Zyta Rudzka: "Doktor Josefs Schönste"
Drastisch-behutsame
Schicksalsschilderung
Dieser bewegende und mutige Roman der 1964 geborenen polnischen
Schriftstellerin Zyta Rudzka, die als Psychotherapeutin und Autorin
arbeitet, spielt in einem Altersheim in Warschau. Es ist eine besondere
Seniorenresidenz, die vielen Menschen, welche die Vernichtungslager der
Nazis überlebt haben, ein letzter, trauriger Wohn- und
Lebensort geworden ist.
Da begegnen wir Herrn Henoch, Frau Benia und Herrn Leon, alle
miteinander eingeschlossen in ihren zerfallenden und
hinfälligen Körpern und einer Lebensgeschichte, die
sie permanent zu wiederholen glauben. In dieser Residenz, deren
Direktor krampfhaft versucht, mit Hilfe seines Pflegepersonals Ordnung
und System in den Laden zu bekommen, damit aber immer nur wieder die
Projektionen der grausamen Erinnerungen der ehemaligen Lagerinsassen
auf sich zieht, leben auch Frau Leokadia und ihre Schwester Czechna.

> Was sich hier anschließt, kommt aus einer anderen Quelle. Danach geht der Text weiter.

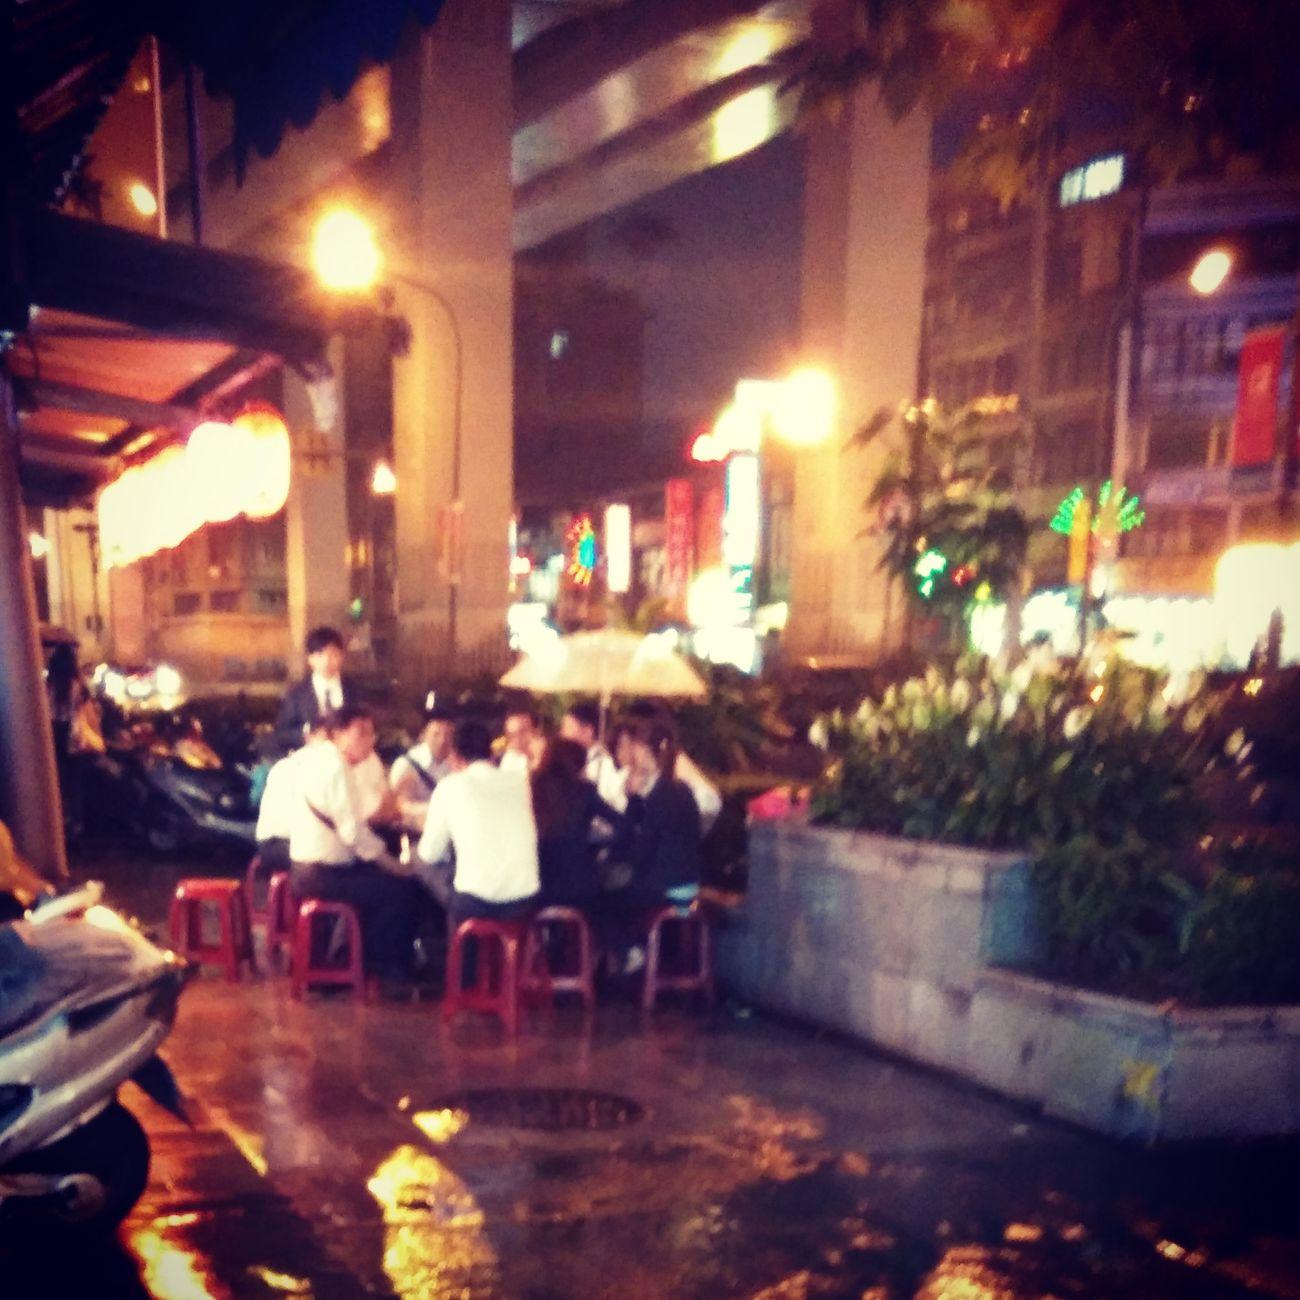 昨夜下著雨,還有人打著雨傘吃著飯 Eating Dinner Relaxing Rain

"Frau Czechna war zarter. Zerbrechlich. Ihr Gesicht ein zartes
Oval. Umschattete, stets halb geschlossene Augen, sei es, weil das
Licht ihr zusetzte, sei es wegen einer Überempfindlichkeit
ihrer Lider. Noch immer hatte sie das Profil, das Doktor Josef einst so
bewundert hatte. Manchmal hatte er sie berührt. Er strich
über ihr langes Haar, legte es nach hinten, so dass es einen
üppigen Umhang bildete. Er streichelte ihre spitzen
Brüste. Er ertastete die Stelle, in die sein Assistent gleich
eine bräunliche Flüssigkeit spritzen würde,
die er dem geschwürigen Unterarm entnommen hatte.
Diesen Unterarm hat Frau Czechna nicht mehr."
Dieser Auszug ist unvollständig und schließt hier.